# Base Model

A feedforward multilayer ANN for classification task of CVEs - in their vectorization format - into their corresponding CWE.

To do:
- Import the data
- Train the model!

### Import the necessary libraries

Install libraries

In [None]:
# !pip install Pinecone
# !pip install torch

Import libraries

In [11]:
import numpy as np
import matplotlib.pyplot as plt

from pinecone import Pinecone

import torch
import torch.nn as nn
from torch.utils.data import DataLoader, TensorDataset, random_split

from sklearn.metrics import accuracy_score, precision_score, recall_score, f1_score
from sklearn.preprocessing import LabelEncoder

### Import data for supervised learning

Import data in the database, with the CVE in vector format and it's corresponding CWE number

In [21]:
# Database with the CVEs in their vector format
pc = Pinecone(api_key="pcsk_3fsLLS_KMLjRJ9jybj773qMy13aawRBFZveGrn2LrZhVP3GtMWet7PdZgNubyB8xRM6JQ7")
index = pc.Index("mc959")

In [35]:
# Incomplete
def fetch_data_from_pinecone(index, num_samples):
    X_data = []
    y_data = []
    namespace = "ns1"
    # Loop until we have collected the desired number of samples
    while len(X_data) < num_samples:
        # Generate a random query vector (or use a specific vector if needed)
        query_vector = np.random.rand(input_size).tolist()
        response = index.query(
            namespace=namespace,
            vector=query_vector,
            top_k=5,  # Adjust as needed to fetch more matches per query
            include_values=True,
            include_metadata=True,
            # Add any filters if necessary
            # filter={"genre": {"$eq": "action"}}
        )
        if response and 'matches' in response:
            for match in response['matches']:
                vector = match.get('values', [])
                metadata = match.get('metadata', {})
                if vector and metadata:
                    X_data.append(vector)
                    y_data.append(metadata.get('label', 0))  # Assuming label is in 'label'
                    # Stop if we've collected enough samples
                    if len(X_data) >= num_samples:
                        break
    return np.array(X_data), np.array(y_data)

In [22]:
query_vector = np.random.rand(768).tolist()

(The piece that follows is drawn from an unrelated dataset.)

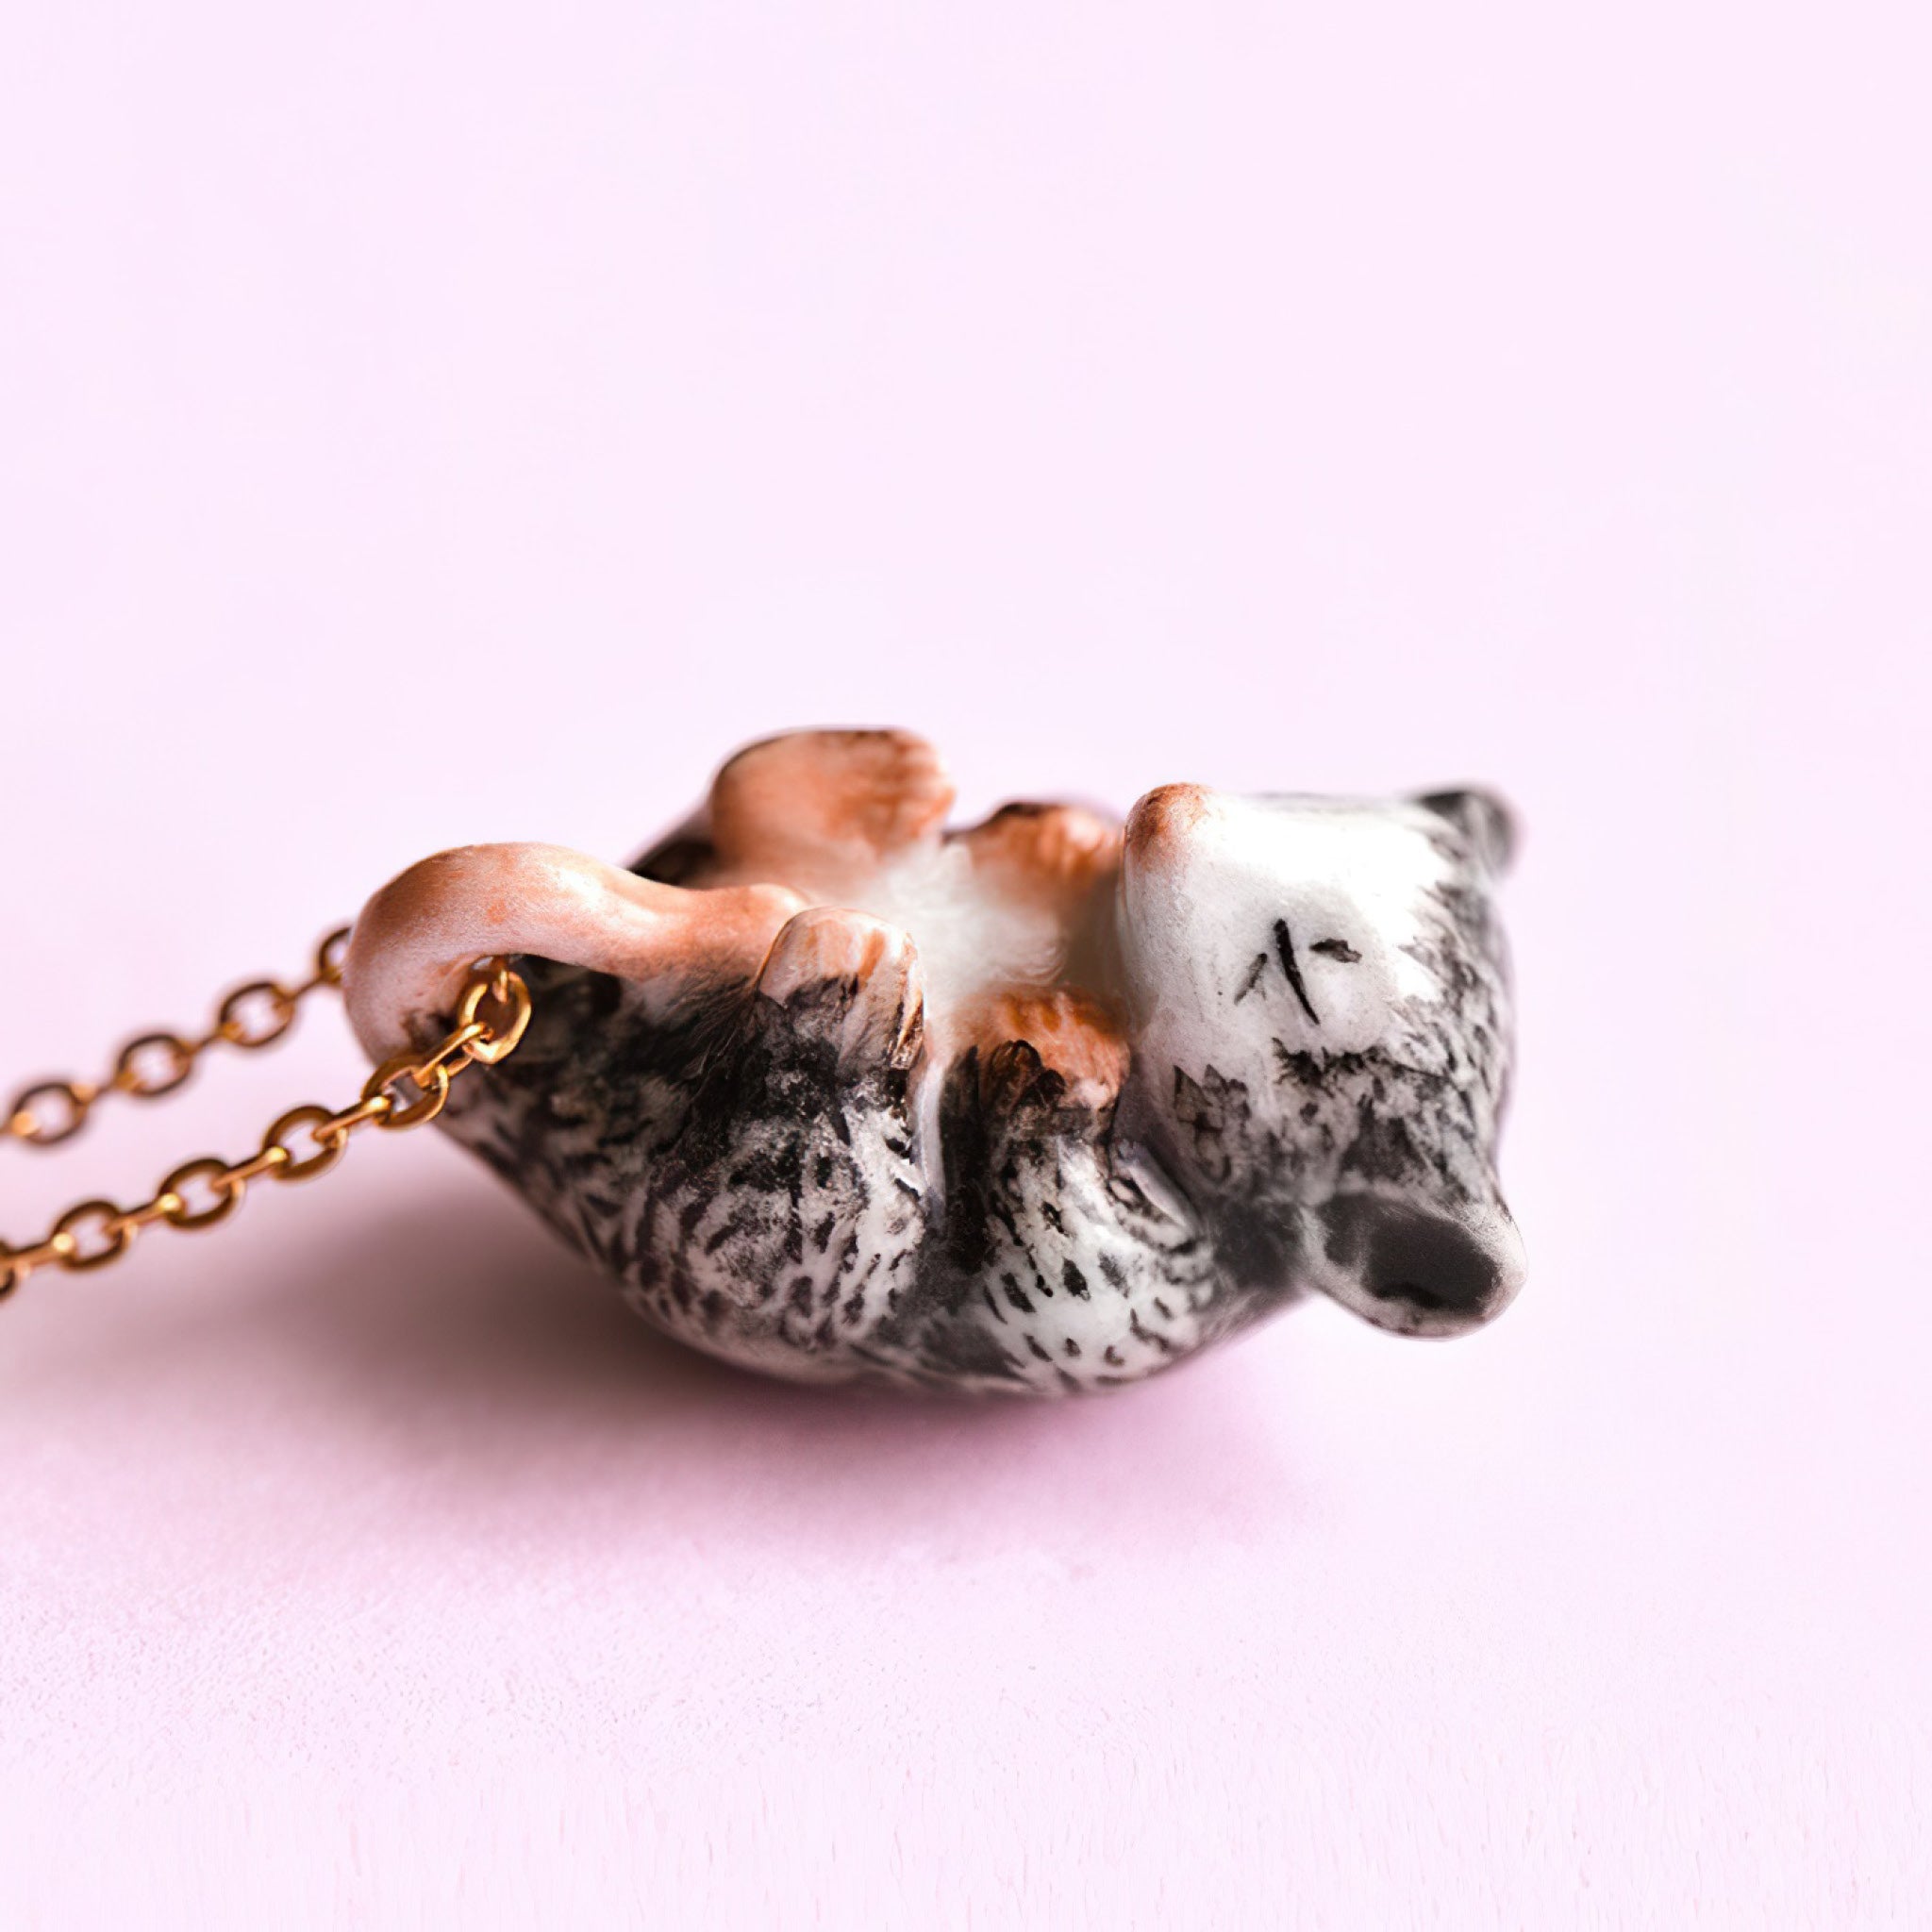 Possum Necklace | Camp Hollow Ceramic Animal Jewelry

# Query the index for the top 5 most similar vectors
response = index.query(
    vector=query_vector,   # Your query vector with 768 dimensions
    top_k=5,               # Retrieve top 5 closest vectors
    include_values=True,   # Include the vector values in the response
    include_metadata=True, # Include any metadata associated with the vectors
)

In [2]:
# Vector size encoder CVE
V_CVE_size = 768

# Number of possible CWEs to return
N_CWE = 1365

### ANN Definition

Hyperparameters

In [8]:
input_size = V_CVE_size          # Input vector size (V_CVE_size)
num_classes = N_CWE              # Number of output classes (N_CWE)
hidden_sizes = [256, 128, 64]    # Sizes of hidden layers
activation_function = nn.ReLU    # Activation function to be used
batch_size = 32                  # Batch size
learning_rate = 1e-3             # Learning rate
num_epochs = 100                  # Number of training epochs
dropout_prob = 0.3              # Dropout probability for regularization (not used!)

Neural network model

In [9]:
# Build the neural network model dynamically
layers = []

# Input layer
layers.append(nn.Linear(input_size, hidden_sizes[0]))
layers.append(activation_function())

# Hidden layers
for i in range(len(hidden_sizes) - 1):
    layers.append(nn.Linear(hidden_sizes[i], hidden_sizes[i+1]))
    layers.append(activation_function())
    layers.append(nn.Dropout(dropout_prob))

# Output layer
layers.append(nn.Linear(hidden_sizes[-1], num_classes))
layers.append(nn.Softmax(dim=1))

# Create the sequential model
model = nn.Sequential(*layers)

In [10]:
print("Neural Network Model:")
print(model)

Neural Network Model:
Sequential(
  (0): Linear(in_features=768, out_features=256, bias=True)
  (1): ReLU()
  (2): Linear(in_features=256, out_features=128, bias=True)
  (3): ReLU()
  (4): Dropout(p=0.3, inplace=False)
  (5): Linear(in_features=128, out_features=64, bias=True)
  (6): ReLU()
  (7): Dropout(p=0.3, inplace=False)
  (8): Linear(in_features=64, out_features=1365, bias=True)
  (9): Softmax(dim=1)
)


Loss function

In [31]:
# Loss function definiton

loss_fn = nn.CrossEntropyLoss()

Optimization method

In [33]:
# Defining the optimization method
optimizer = torch.optim.Adam(model.parameters(), lr=learning_rate)

### ANN training

Prepare data for training

In [None]:
num_samples = 10

# Get the data
X_array, y_array = fetch_data_from_pinecone(index, num_samples)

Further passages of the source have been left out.